# [INFORMATION SHOWN]

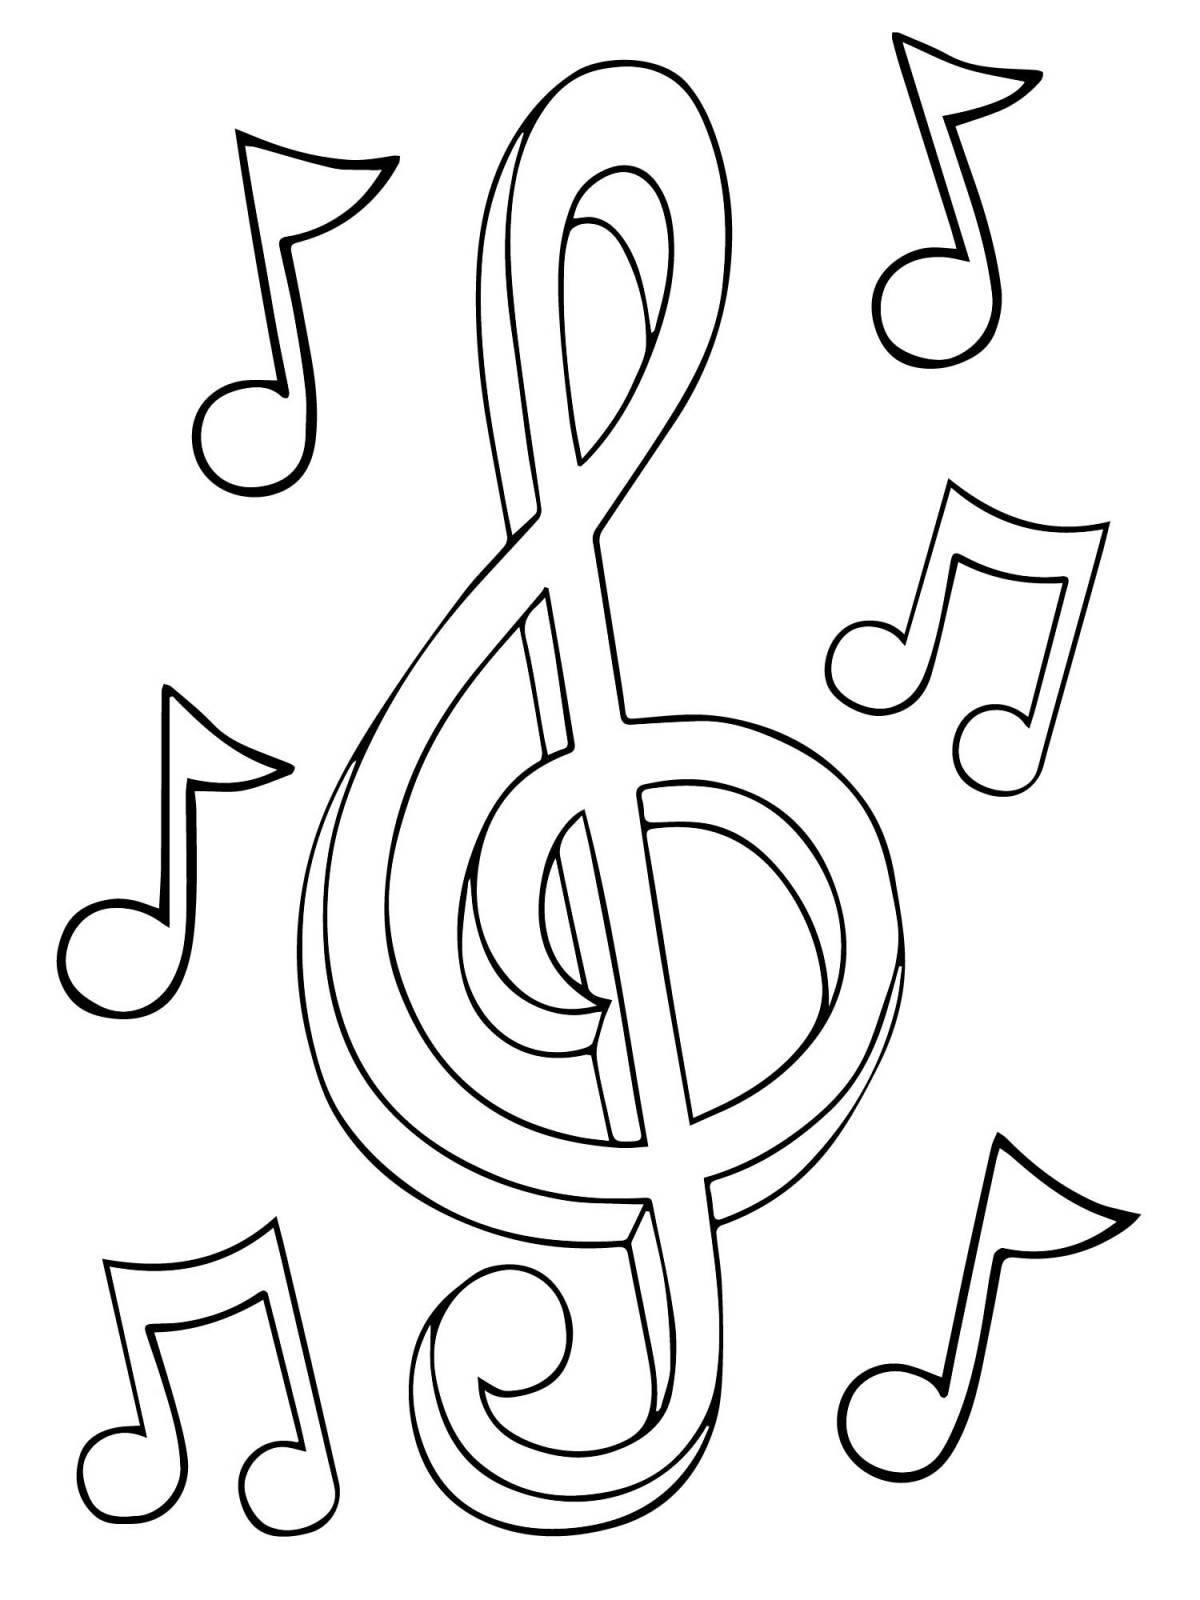 Radiant coloring page treble clef
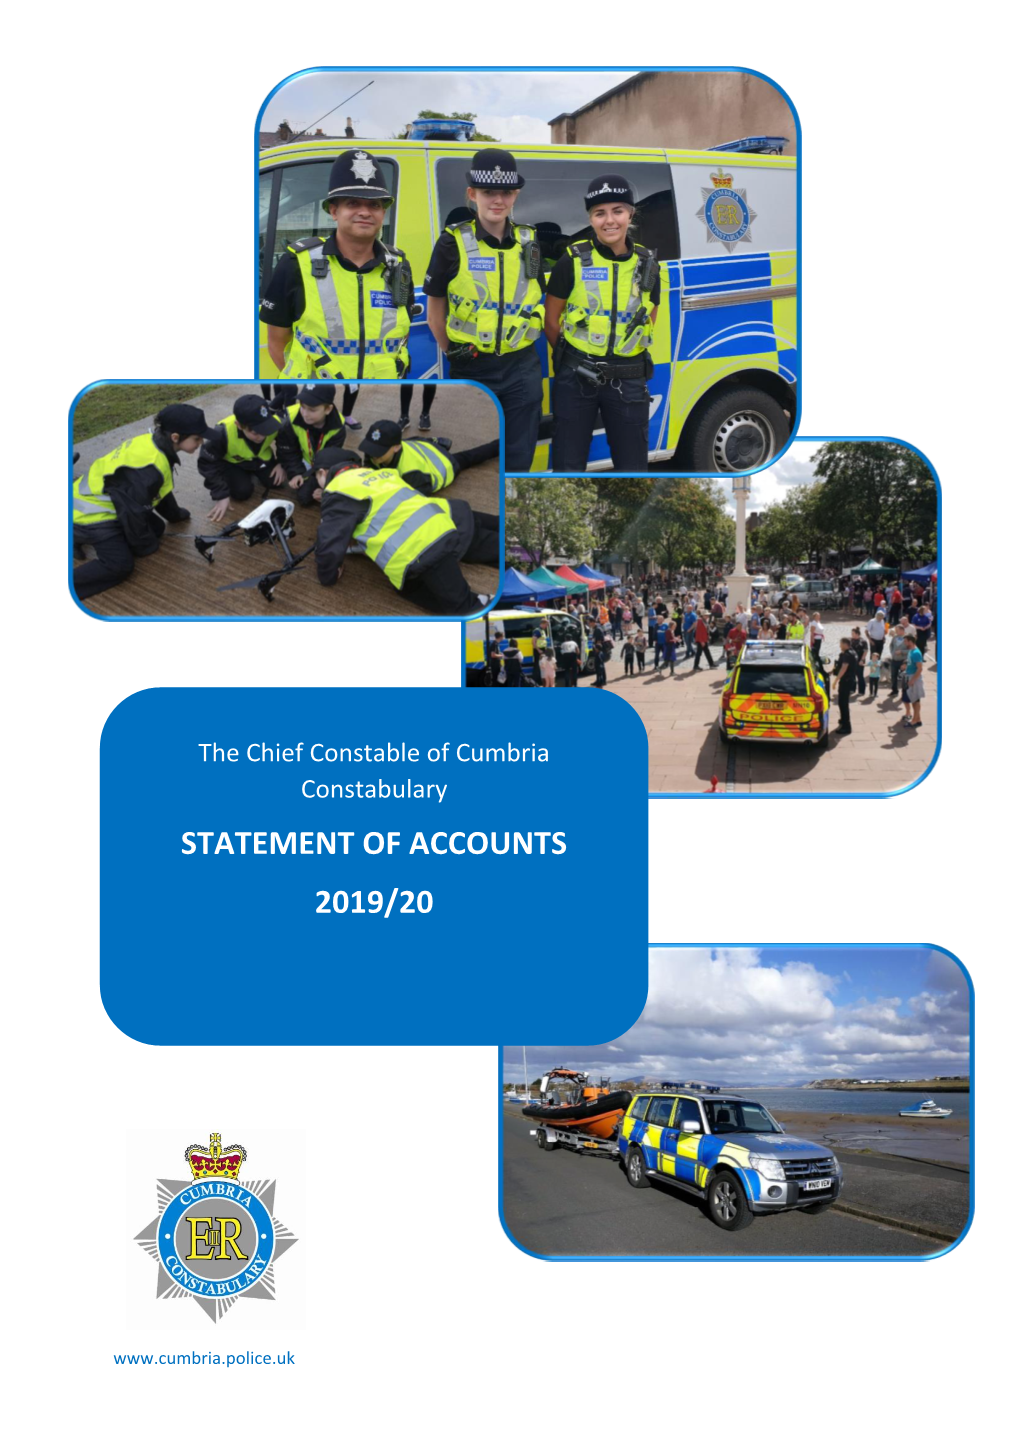 Chief Constable for Cumbria Statement of Accounts 2019/20
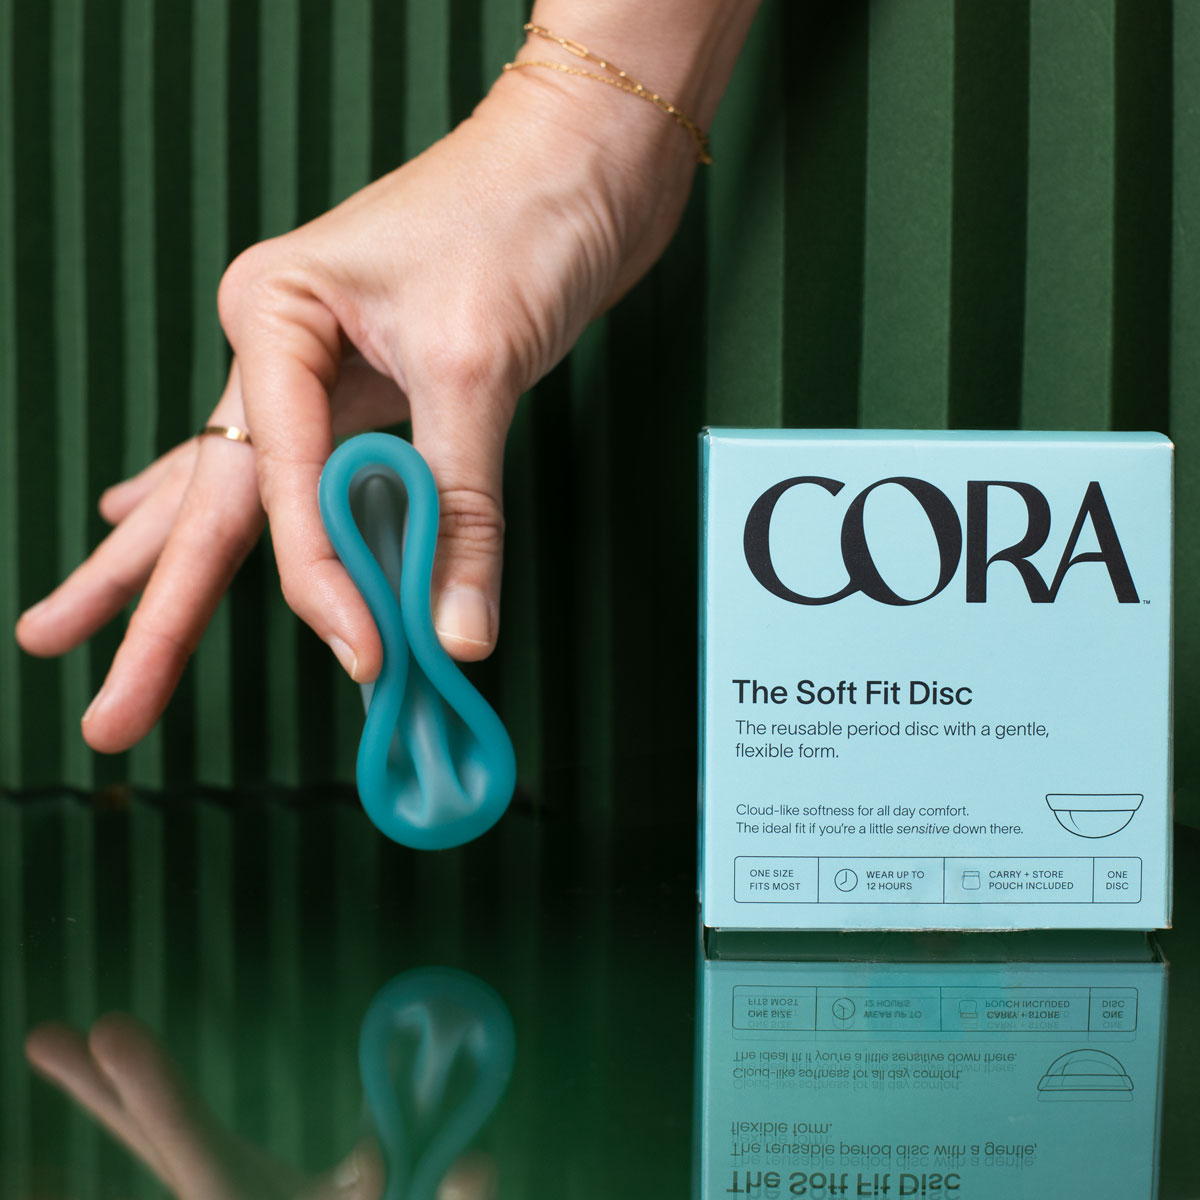 cora soft fit disc blue folded by white hand next to blue box package

# [PROBLEM DESCRIPTION]
Please make an exact copy of the whole listing and leave out its pictures.

# [TASK RESULT]
 Radiant coloring page treble clef
 Chief Constable for Cumbria Statement of Accounts 2019/20
 cora soft fit disc blue folded by white hand next to blue box package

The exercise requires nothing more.